Toys R Us filed for bankruptcy last year and announced in March it would close all 800 of its U.S. stores. (Julio Cortez/AP)

Thousands of former Toys R Us workers will receive severance payments from a new $20 million fund.

The move is considered rare among private-equity-backed companies that file for bankruptcy. Even so, the amount pledged is well below the $75 million a workers rights group says those who lost their jobs are owed.

Bain Capital and Kohlberg Kravis Roberts announced Tuesday that each had committed $10 million to a fund for former Toys R Us workers. Bain and KKR are two of the three firms that bought Toys R Us in a 2005 leveraged buyout and loaded it up with billions of dollars in debt before liquidating the chain in June. One hundred percent of contributions to the fund will be paid directly to eligible employees. The fund is structured so that other “interested parties” can contribute. A third Toys R Us owner, Vornado Realty Trust, did not immediately respond to a request for comment on whether it would give to the fund.

“This is a valuable and important step designed to provide a degree of financial relief to eligible former employees of Toys R Us,” said Kenneth Feinberg, an expert on designing compensation funds and one of the fund’s independent administrators.

Exactly how the funds are distributed will be framed around company data including earnings and the number of hours worked, as well as input from former Toys R Us employees. A draft of the proposal suggests eligible employees must have worked for Toys R Us for at least one year, have made no more than $110,000 in annual income and have made no less than $5,000 in annual income.

The worker rights group Rise Up Retail has advocated that thousands of Toys R Us workers are owed $75 million in severance pay. Before filing for bankruptcy last year, Toys R Us had guaranteed its workers two weeks of severance for their first year of service, and one week of pay for every two years on the job after that. Rise Up Retail is also pushing for state and federal legislation that would require bankrupt companies to make severance payments.

Ann Marie Reinhart, a 29-year Toys R Us employee, called the fund “historic” and said it would set a precedent for how other private-equity backed companies that declare bankruptcy compensate their workers. Reinhart, 59, said she has not been able to find a job that gives her health insurance.

She and other workers, she said, would continue to put pressure on the hedge funds that own the company to protect former employees. Those hedge funds have held onto the Toys R Us and Babies R Us brand names, Web domains and other assets, and have even brought the iconic mascot Geoffrey the Giraffe back to work -- a move that worker advocates have dismissed as a “PR stunt.”

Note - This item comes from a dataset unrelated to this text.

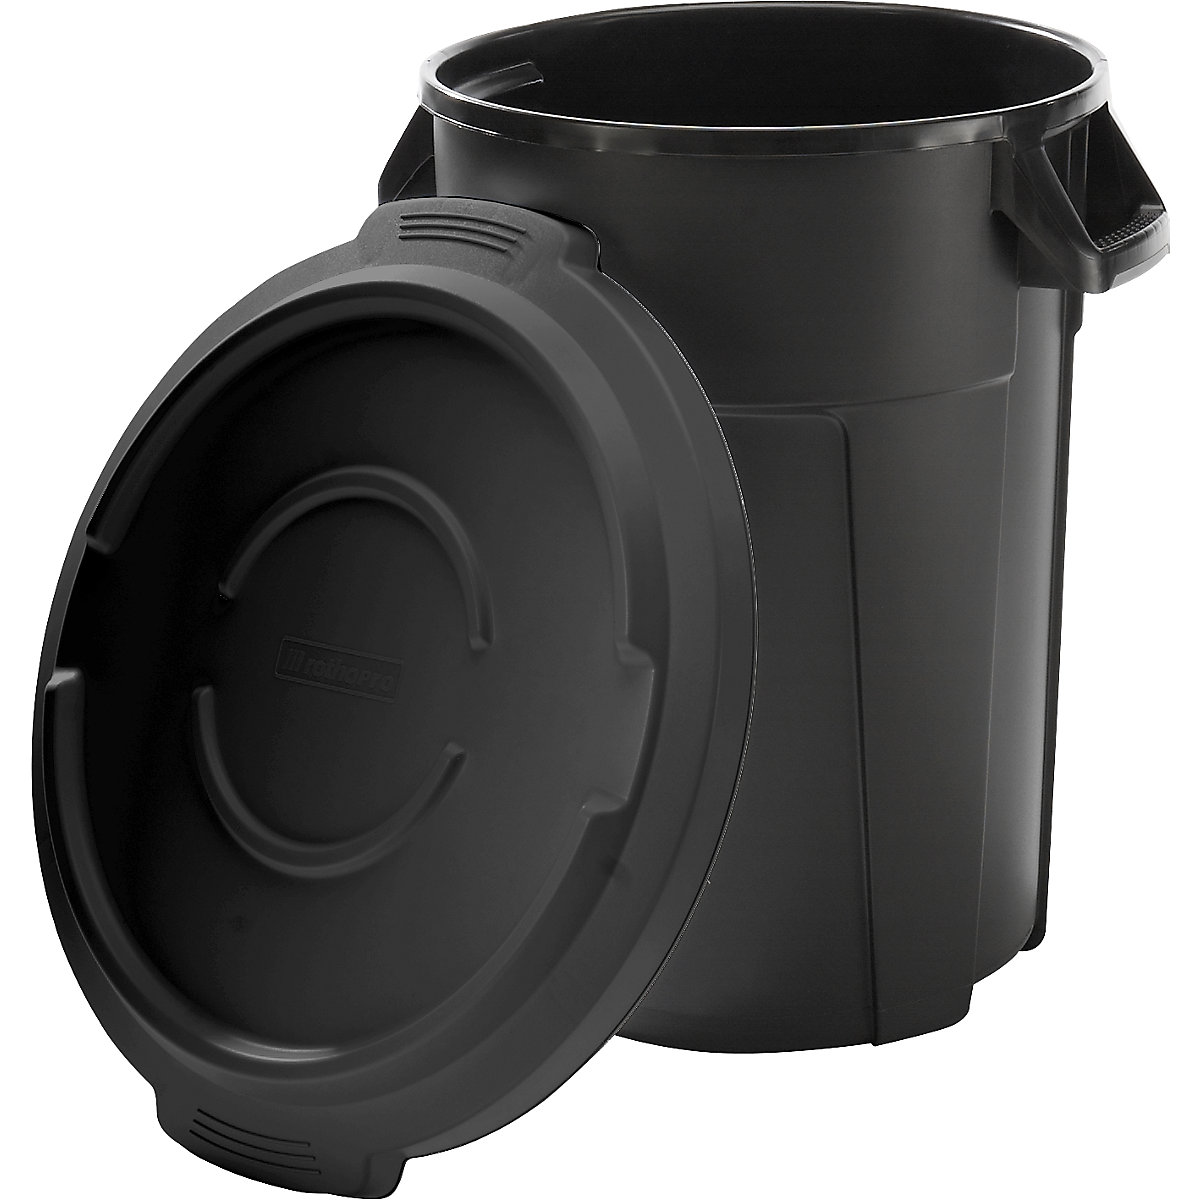 Multi-purpose container with lid - rothopro

The news of a severance fund has"rejuvenated me, particularly that we can achieve something like this,” Reinhart said. “It’s a win for us, and it’s a win for any other retail worker that this happens to in the future, because we see what’s happening with Sears and Kmart.”

Carrie Gleason, campaign manager for Rise Up Retail, said tens of thousands of workers would be eligible for compensation under the fund’s guidelines. She credited Toys R Us families with consistently advocating for their rights and “pushing back and saying ‘our jobs matter, and our families deserve better.'"

Bain, KKR and Vornado have also come under political pressure to compensate former Toys R Us employees. In June, New Jersey Sens. Cory Booker and Robert Menendez, as well as New Jersey Congressman Bill Pascrell Jr., wrote to the firms urging for assistance for laid-off workers. That month, the lawmakers stood with Toys R Us employees and advocates outside the New Jersey-based retailer.

“This financial assistance fund will provide workers who lost their jobs through no fault of their own a better chance to provide for their families, stay in their homes, and rebuild their lives,” Booker, Menendez and Pascrell said in a statement.

Toys R Us cited $7.9 billion in debt against $6.6 billion in assets when it filed for bankruptcy in 2017. In March, the company announced it would close all 800 of its U.S. stores.

The beloved toy company was one of dozens of private-equity-backed retailers to file for bankruptcy amid massive changes to the industry. Citing heavy debt loads, retailers including Nine West, Claire’s, Gymboree, True Religion and Payless Shoe Source also recently filed for bankruptcy.

There will be a two-week period for former workers and other interested parties to give feedback on the fund’s terms and conditions. Feinberg and Camille Biros, another compensation fund expert and the fund’s second independent administrator, will then outline a final protocol. The claims process is expected to begin Dec. 15. Money will be distributed shortly after, and will probably be completed on or about April 30, 2019. Neither Bain nor KKR will have any role in distributing money or administering the fund.

In a statement, Bain and KKR said a “unique set of circumstances … called for a unique solution."

“The confluence of the disruption in retail, the push by the company’s secured creditors to liquidate the company’s U.S. operations, and the fact that we have never experienced something like this in the history of either firm, led us to try and find a way to provide some financial relief for former employees,” the firms said.

Abha Bhattarai contributed reporting.